Re-join cluster after auto-down

Periodic auto join should solve this.

Leave a comment

on 2012-06-19 18:05 *

By Jonas Bonér

Good. thanks .

on 2012-06-21 10:28 *

By Patrik Nordwall

Status changed from New to Accepted

on 2012-06-21 10:52 *

By Patrik Nordwall

We must decide how partition healing is supposed to work. I don't think this auto re-join is the full story.
Assume that deputy nodes == seed nodes.

4 nodes: N1, N2, S1, S2
seed nodes: S1, S2
S1 and S2 crash
N1 and N2 forms a new cluster
S1 and S2 are started again and connects to each other
How is N1 and N2 supposed to connect with S1 and S2 again?

Now we do extra gossip to deputy nodes, which currently is the live members of the seed nodes.
Is it this deputy node gossip that should handle that?
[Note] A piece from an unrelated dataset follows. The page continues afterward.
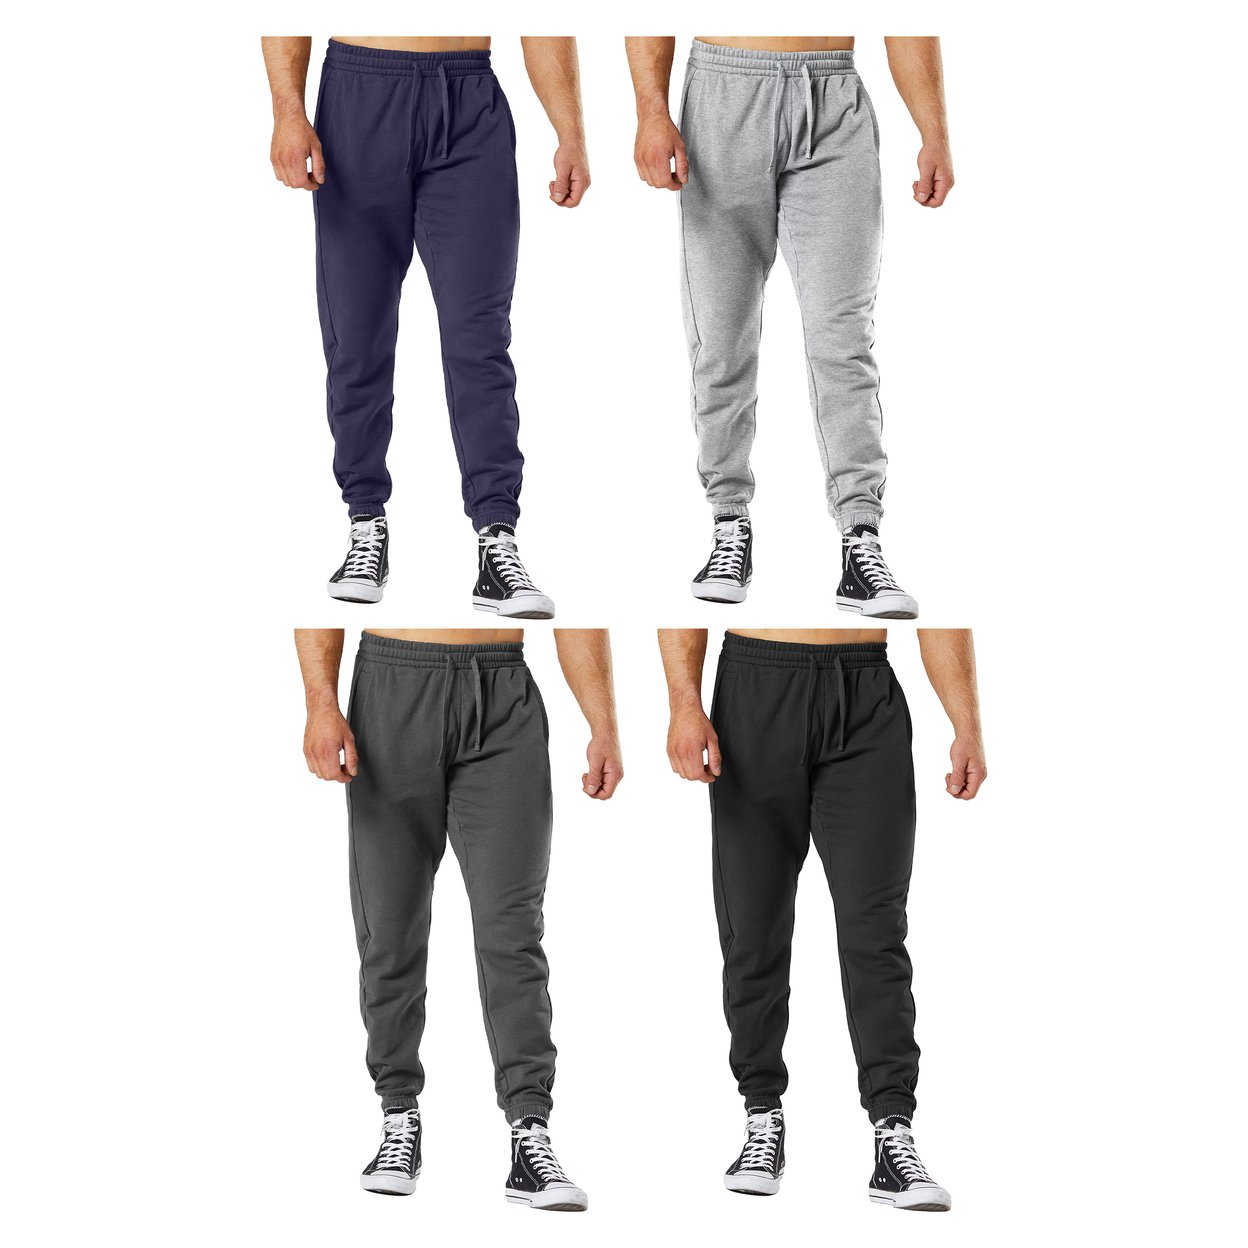 2-Pack: Men's Ultra-Soft Cozy Winter Warm Casual Fleece-Lined Sweatpants Jogger - Black & Charcoal, Medium

I don't think current gossip merge algo support that.

We also do extra gossip to unreachable nodes. I'm not sure if the result of that is what we want, with current impl. That means that the unreachable state would propagate over to the other cluster.
4 nodes: N1, N2, N3, N4
split into 2 parts
part1: N1-N2
part2: N3-N4
N1(unreachable = {N3,N4})
N3(unreachable = {N1,N2})
N1 gossipTo N3 => N3(unreachable={N1,N2, N3,N4})

on 2012-06-21 11:34 *

By Patrik Nordwall

Assigned to set to Patrik Nordwall

Another much simpler scenario:
What should happen if none of the seed nodes are available at startup. Should the singleton cluster retry to join the seed nodes periodically?

on 2012-06-25 15:49 *

By Patrik Nordwall

Status changed from Accepted to Invalid

After discussion with Jonas and Björn we decided to not implement auto retry of join. If initial join fails then nothing more is done automatically. Manual action is to reboot the node or manually join another node. We don't do this automatically because joining two clusters is complicated when they have state (actors).

on 2012-10-25 21:05 *

By viktorklang

Milestone changed from Coltrane to 2.1